6e35d1f00 AR: apply TTL to bindings unconditionally (default 5m) — address resolver bindings (STCPR/SUDPH address mappings) now have TTL enforcement. Previously, bindings could persist indefinitely after a visor went offline.

aeff34ba2 SD: apply TTL to client entries unconditionally (default 5m) — service discovery entries (VPN, proxy, public visor) now TTL like transport entries.

534dad74a Restore client entry TTL at dmsg-discovery (default 60m) — DMSG client entries get a longer TTL because DMSG sessions persist for hours and the re-announce interval is 30 minutes.

Skywire: DMSG Resilience Overhaul

A major push to make DMSG connections survive real-world conditions:

9cf4a93ff DialStream: race phase 1 and phase 2 sessions in parallel — previously, DialStream tried existing sessions (phase 1) sequentially, then new sessions (phase 2) sequentially. Now both phases race in parallel, with phase 1 getting a 2-second head start. This cuts worst-case dial latency dramatically when the first server in the list is slow or dead.

9aabe9dc1 DialStream: per-(dst, server) negative cache with 30s TTL — when a dial attempt to a specific (destination, server) pair fails, that pair is cached as “known bad” for 30 seconds. Subsequent dials skip it immediately instead of waiting for another timeout.

b8fca433c RSN: per-destination circuit breaker — route setup failures to a specific destination now trip a circuit breaker that prevents repeated attempts for 60 seconds. This stops the cascade where one unreachable visor causes timeout storms across the entire route setup node.

ab3ba6bf2 Fix DialStream post-return ctx-cancel watcher race — a subtle bug where the context-cancel goroutine could fire after DialStream had already returned, closing the stream that the caller was about to use.

92ed58a84 dmsg: ClientSession.serve must not kill sessions on stream-handshake errors — a single failed stream handshake (e.g., port not listening) was tearing down the entire yamux session, killing all other streams on that session. Now only the individual stream is closed.

01dd443c5 dmsg: replace parallel phase-dial with sequential + fix session race — parallel phase-dial was causing duplicate sessions to the same server, with one being immediately discarded. Sequential dial with early-exit on first success.
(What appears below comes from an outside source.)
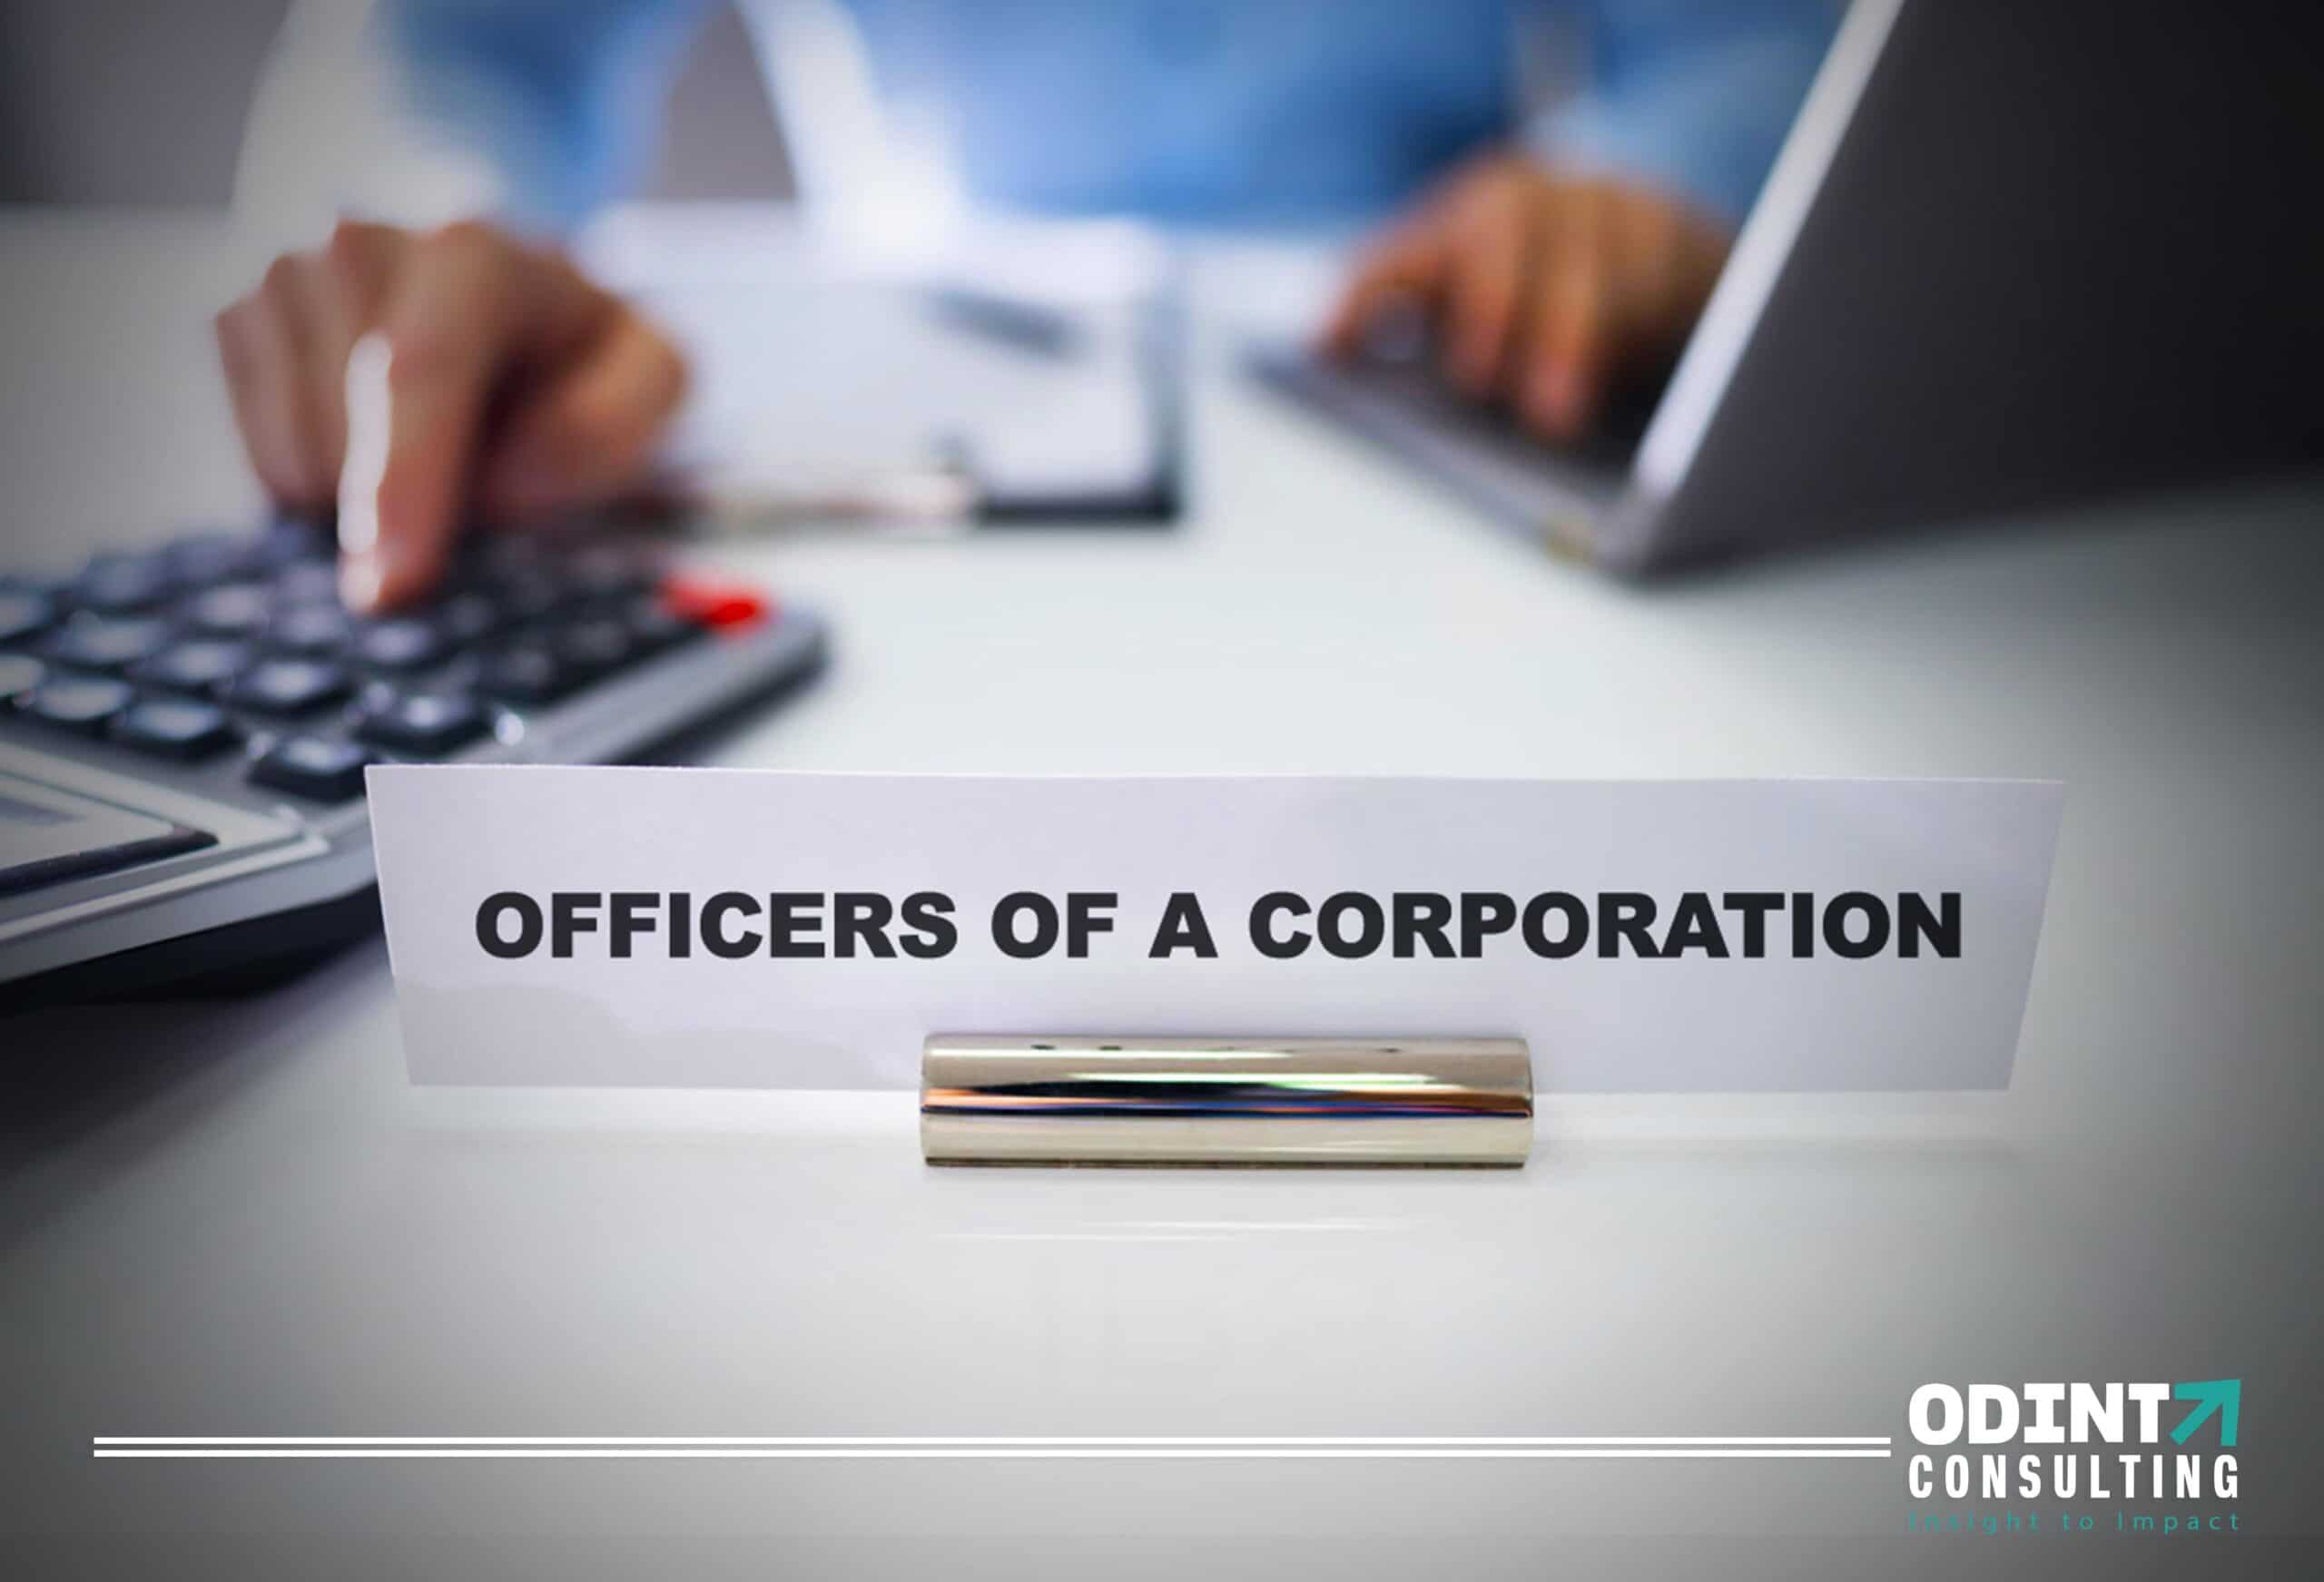 Officers Of A Corporation – Roles & Designations Explained

48052ea10 AR: bound SUDPH handshake queue + tighten timeout + fix Accept Fatal — the address resolver’s SUDPH handshake goroutine pool was unbounded, allowing a flood of handshake requests to exhaust memory. Bounded to 64 concurrent handshakes with a 10-second timeout. Also fixed a log.Fatal in Accept that would crash the entire AR on a single bad connection.

Skywire: Yamux Stream Leak Fix

711d0bc18 Fix dmsg-server yamux stream leak in forwardRequest / bridgeStream — the DMSG server’s stream forwarding logic had a leak where the second stream in a bridge pair wasn’t being closed when the first stream errored. Over days of operation, this accumulated thousands of leaked yamux streams, eventually exhausting the server’s file descriptor limit. This was one of the most impactful production bugs fixed this cycle.
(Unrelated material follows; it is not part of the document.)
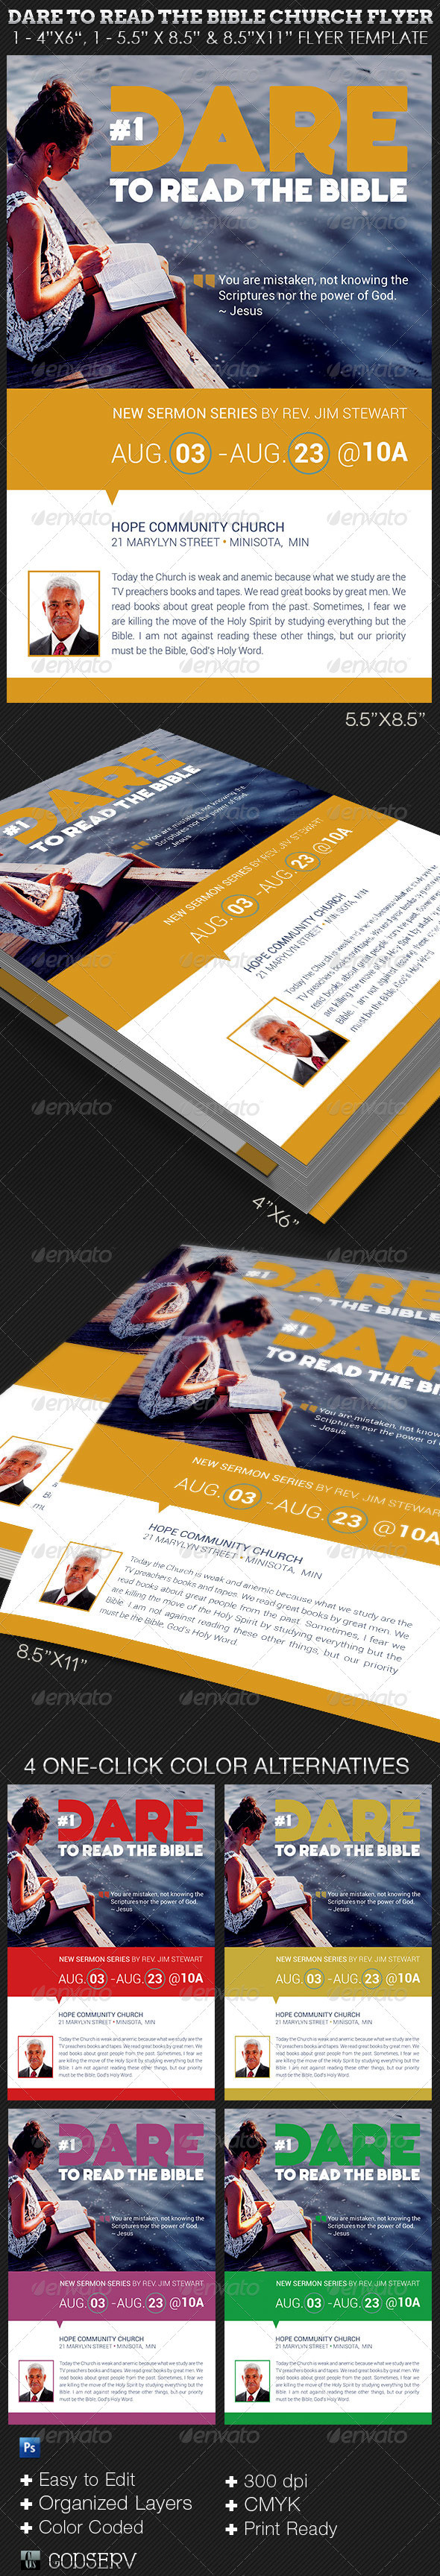 Dare to read the bible church flyer template preview

5f53672b0 Fix dmsg-discovery overload: short-circuit redundant entry updates — visors were re-posting their DMSG discovery entry on every session change (connect, disconnect, reconnect), even when the entry hadn’t actually changed. A single server restart could trigger thousands of redundant updates. Now compares the entry before posting and skips if unchanged.

Skywire: New DMSG CLI Commands

333e6a784 Add dmsg sessions CLI — shows all active DMSG sessions for a visor with per-session details (server PK, remote PK, stream count, uptime, bytes transferred). Essential for debugging connectivity.
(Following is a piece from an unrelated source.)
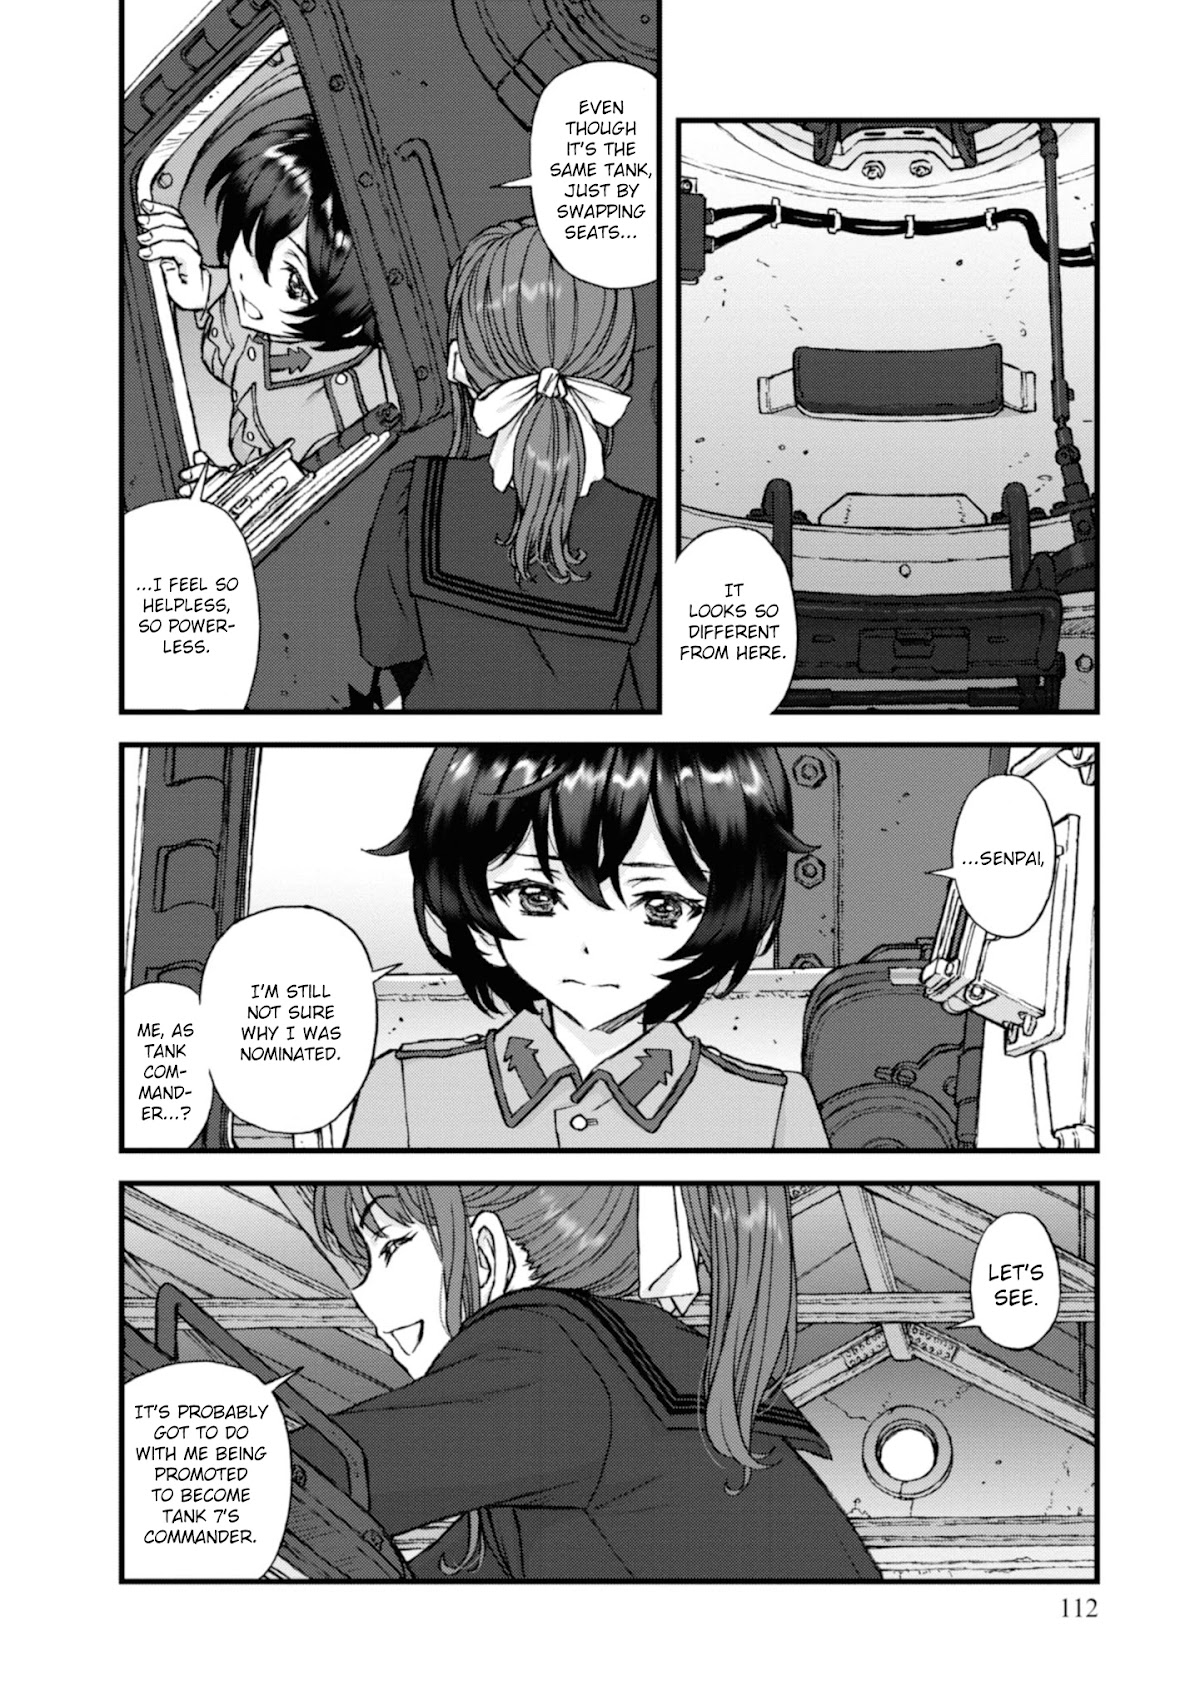 Girls Und Panzer - The Fir Tree And The Iron-Winged Witch - Page 1

3c629c534 Add dmsg connect-all — forces the visor to establish sessions with all configured DMSG servers immediately, rather than waiting for on-demand connection. Useful for ensuring full mesh connectivity before running diagnostics.

6c1770d6b Relax DialStream per-phase cap — previously limited to 2 servers per phase (from the port leak fixes on April 9). Now tries all existing sessions in phase 1, since the port leak root cause was fixed.

3f23a746d CLI fetch chain: rewrite http->dmsg for RPC step — the CLI’s service health and config fetch now automatically tries DMSG transport first, falling back to HTTP. Ephemeral DMSG clients are created quietly without log spam.